A Russian military commander said last week that one goal was to establish a corridor through the south of Ukraine to Transnistria - a strip of land with a population of nearly 500,000 that is backed by Moscow and hosts Russian troops. The region, which broke away after the collapse of the Soviet Union triggered a conflict in the early 1990s, is not recognized as independent by any country but operates separately from Moldova.

It was unclear whether the commander’s comments on Transnistria reflected official policy, although Ukraine depicted them as proof of the Kremlin’s ambitions beyond its borders and Moldova summoned the Russian ambassador to express “deep concern.”

No one immediately claimed responsibility for the blasts. A Moldovan government body warned Monday of possible attempts to “create pretexts for straining the security situation in the Transnistrian region” and the Ukrainian Defense Ministry called the blasts a “planned provocation by the Russian special services.”

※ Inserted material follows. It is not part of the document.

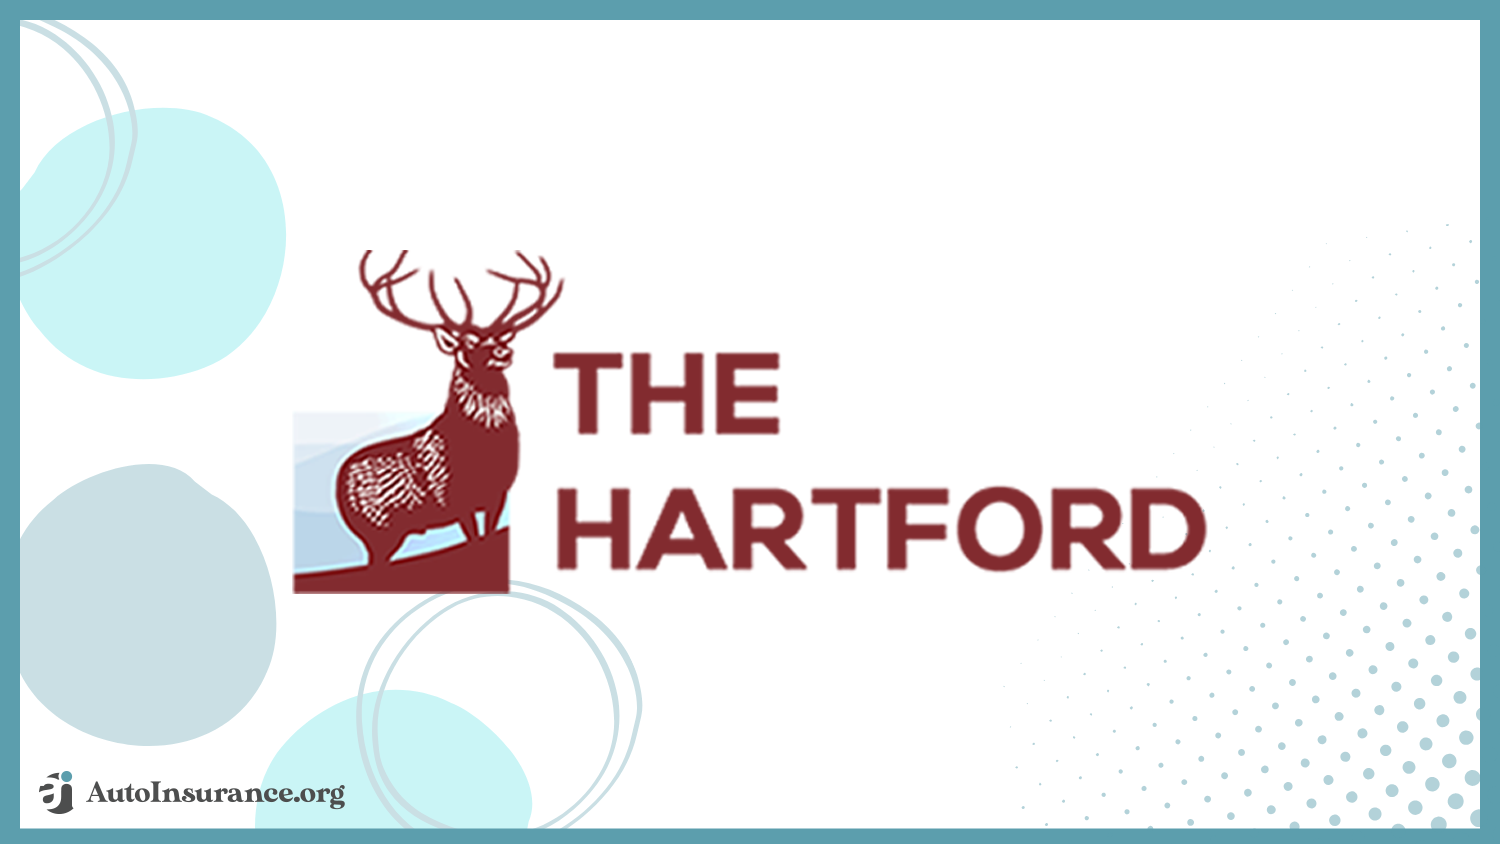 The Hartford: Best Auto Insurance for Luxury Cars

Meanwhile, the Russian Foreign Ministry said Tuesday the country wanted to avoid a scenario in which it “will have to intervene in the conflict in Transnistria,” in a statement published by Russia news agency RIA describing the news of explosions as “alarming.” The head of pro-Moscow separatist forces fighting to expand their grip in eastern Ukraine, Denis Pushilin, said the latest incidents in Transnistria “would require the continuation” of Russia’s military operations.

The head of Transnistria, Vadim Krasnoselsky, on Tuesday blamed Ukraine for “traces of terrorist attacks,” according to Russian news agency TASS.

Meanwhile Maia Sandu, Moldova’s president, accused factions in the separatist region of attempting “to destabilize the situation.”

The Washington Post could not independently verify the claims made by any side.

In Transnistria, the Internal Affairs Ministry said explosions in the village of Mayak on Tuesday morning damaged two antennae that broadcast Russian radio. It put out photos of the collapsed towers a day after declaring that several blasts hit the Ministry of State Security building in the capital and that preliminary information suggested rounds were fired from a rocket-propelled grenade launcher.

The ministry said there were no injuries. The office of Transnistria’s leader reported a third incident on Tuesday, an attack on a military unit near the village of Parcani, without giving further details.

As the breakaway region raised its security threat level, Moscow said it was “very closely watching” Transnistria. Kremlin spokesman Dmitry Peskov added there were no plans for contacts between Russian President Vladimir Putin and his Moldovan counterpart Sandu. “Of course, news from there causes concern,” he said.